Hop-8 did not interfere in the interaction of Vif with A3G, CBF-β, Elongin C, or Cullin 5. (A) Hop-8 did not interfere in Vif and A3G interaction. The plasmid pcDNA3.1-APOBEC3G-HA (3 μg) was transfected into 2 × 10⁶ Trex-hvif-15 cells and treated with 0.1 μg/mL Dox and 2.7 μM hop-8 or DMSO for 48 h. Cells were treated with 10 μM MG-132 for 16 h. Co-IP assays were performed with an anti-HIV1 Vif antibody; (B–D) Hop-8 did not block the interaction between Vif and CBF-β (B), Elongin C (C), or Cullin 5 (D). The plasmids pcDNA3.1-Vif-HA (1.5 μg) and pcDNA3.1-CBF-β-FLAG (1.5 μg) or pcDNA3.1-Elogin C-FLAG or pcDNA3.1-Cullin 5-FLAG were co-transfected into 2 × 10⁶ 293T cells. Cells were treated with 2.7 μM hop-8 or DMSO. Co-IP assays were performed with an anti-HA antibody; (E) The influence of hop-8 on A3G ubiquitination.
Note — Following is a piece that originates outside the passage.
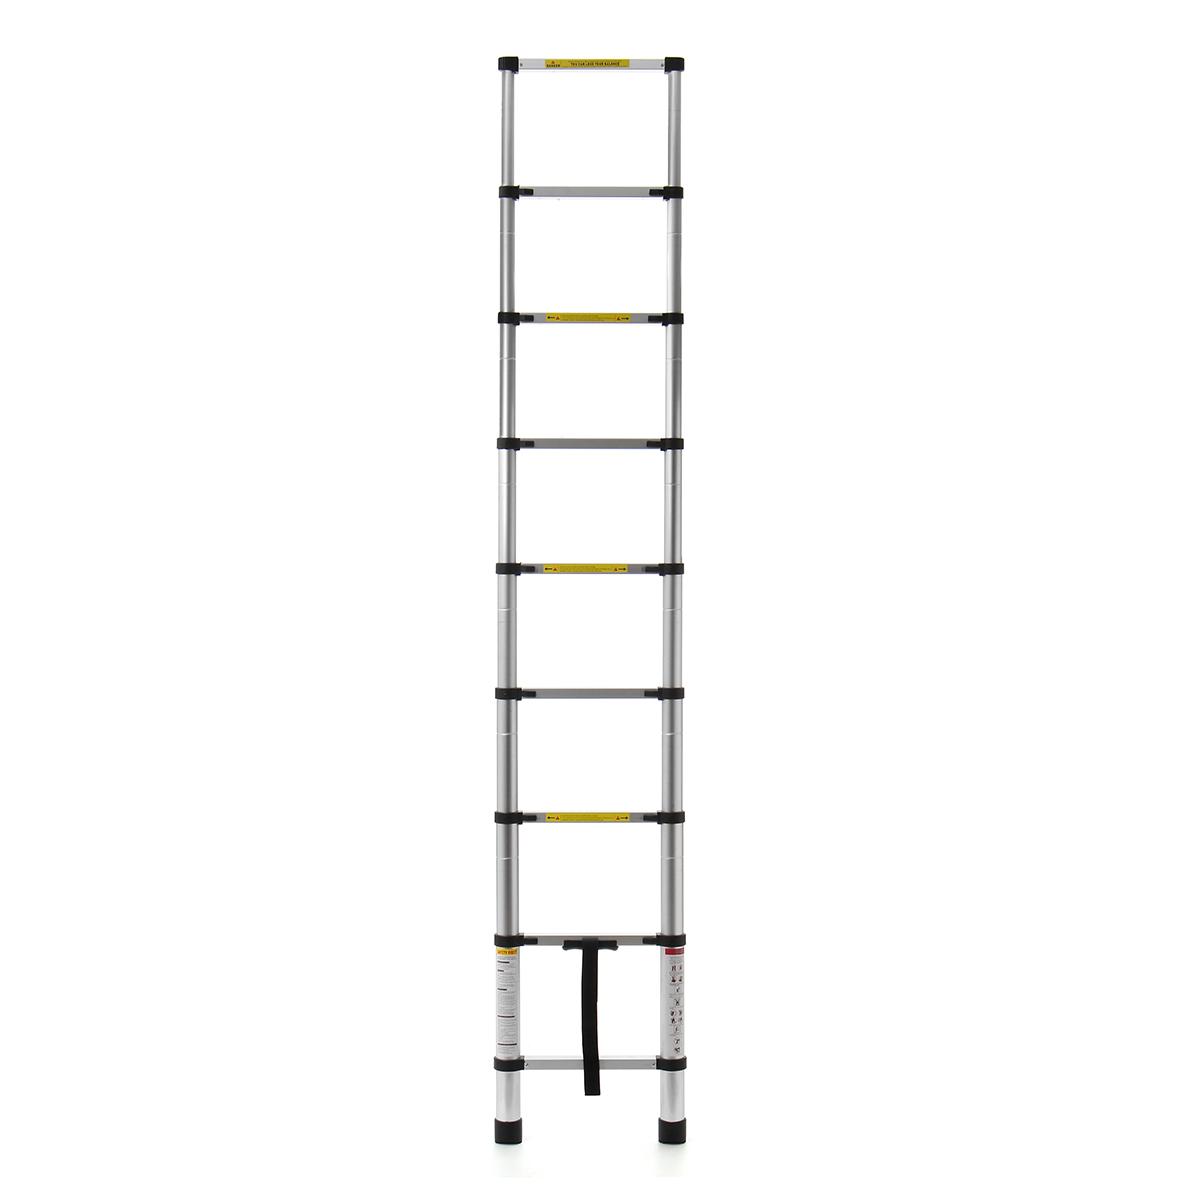 2.6 m telescopic ladder skil heat gun

The plasmids pcDNA3.1-APOBEC3G-HA (1.5 μg) and pUb-MYC (1.5 μg) were co-transfected into 2 × 10⁶ Trex-hvif-15 cells. Cells were treated with 0.1 μg/mL Dox and 2.7 μM hop-8 or DMSO. The Co-IP assay was performed with a rabbit anti-HA antibody.

Figure 7

Schematic of the anti-HIV-1 activity mechanism of hop-8. The process shown with deep green arrows represents a simple schematic of HIV replication. Hop-8 stimulates A3G expression via the PKC pathway. A3G is packaged into the progeny virions and restricts the replication of the progeny virions (shown with purple arrows).